In the listing that follows, find the line with "Main Image - Joe's", then copy exactly from it through the line with "31's on 4x4", leaving out every picture.

---------- Excerpted data ----------

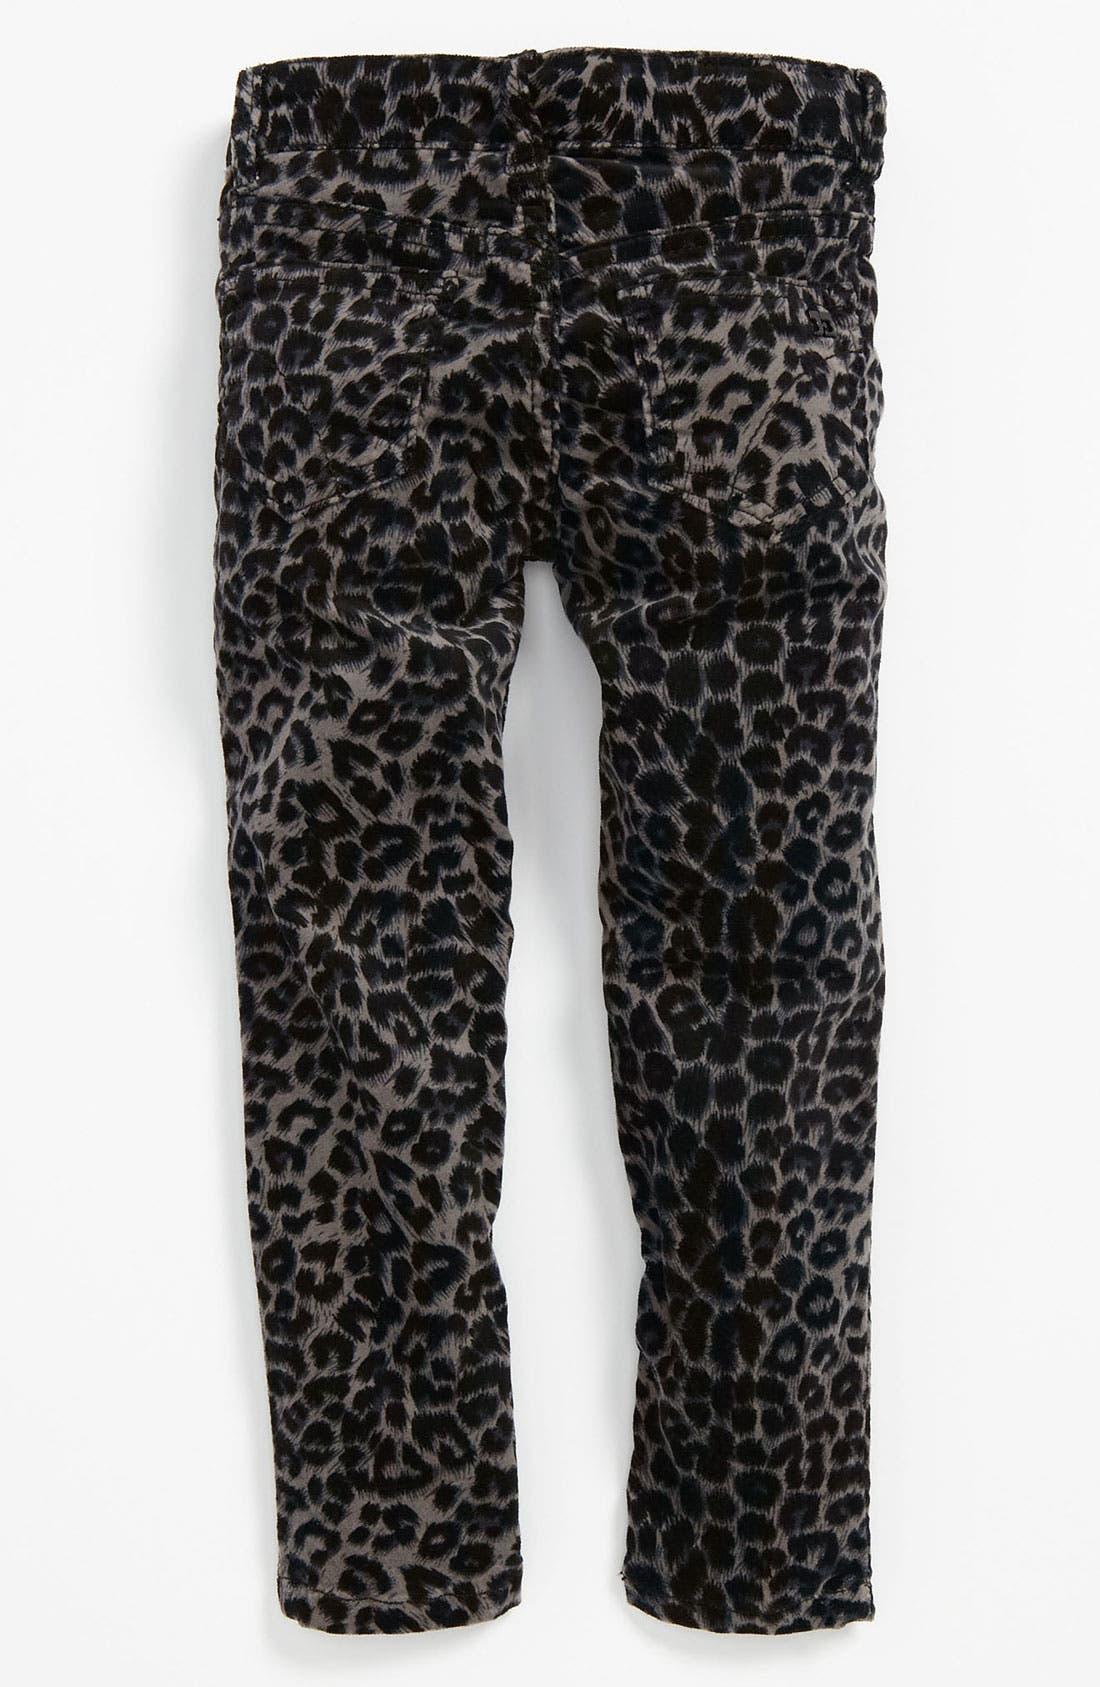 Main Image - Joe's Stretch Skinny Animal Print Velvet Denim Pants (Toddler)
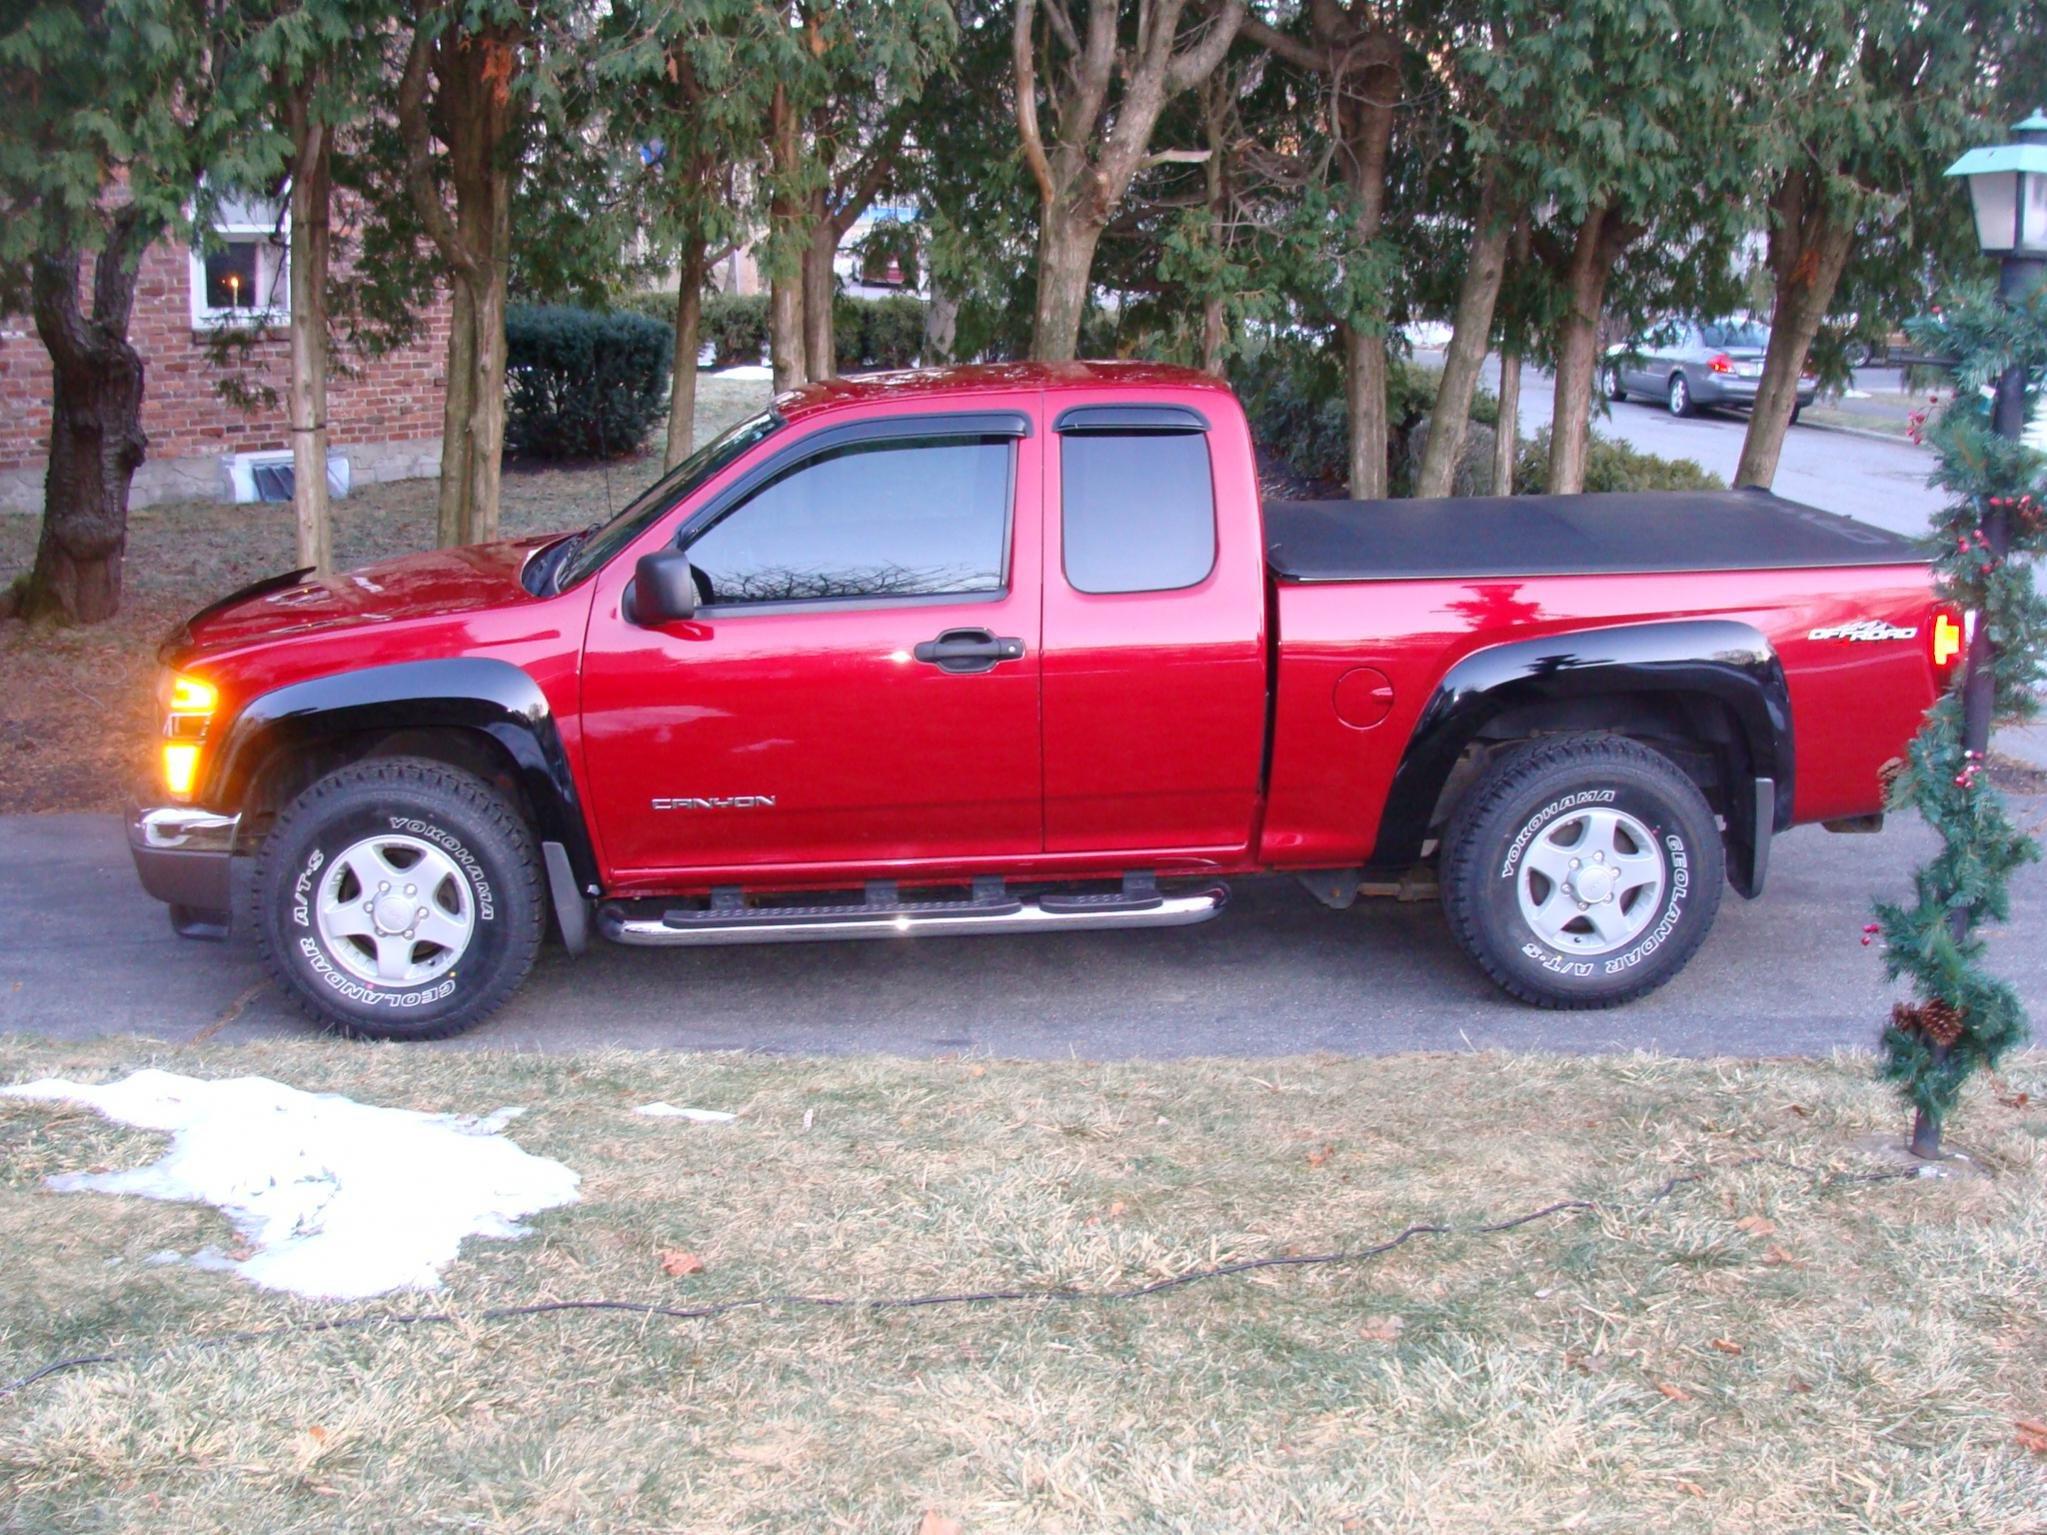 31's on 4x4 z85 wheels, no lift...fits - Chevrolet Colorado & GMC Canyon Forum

----------
---------- Excerpted data ----------

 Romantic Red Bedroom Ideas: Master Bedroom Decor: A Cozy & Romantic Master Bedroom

----------

Exercise solution:
 Main Image - Joe's Stretch Skinny Animal Print Velvet Denim Pants (Toddler)
 31's on 4x4 z85 wheels, no lift...fits - Chevrolet Colorado & GMC Canyon Forum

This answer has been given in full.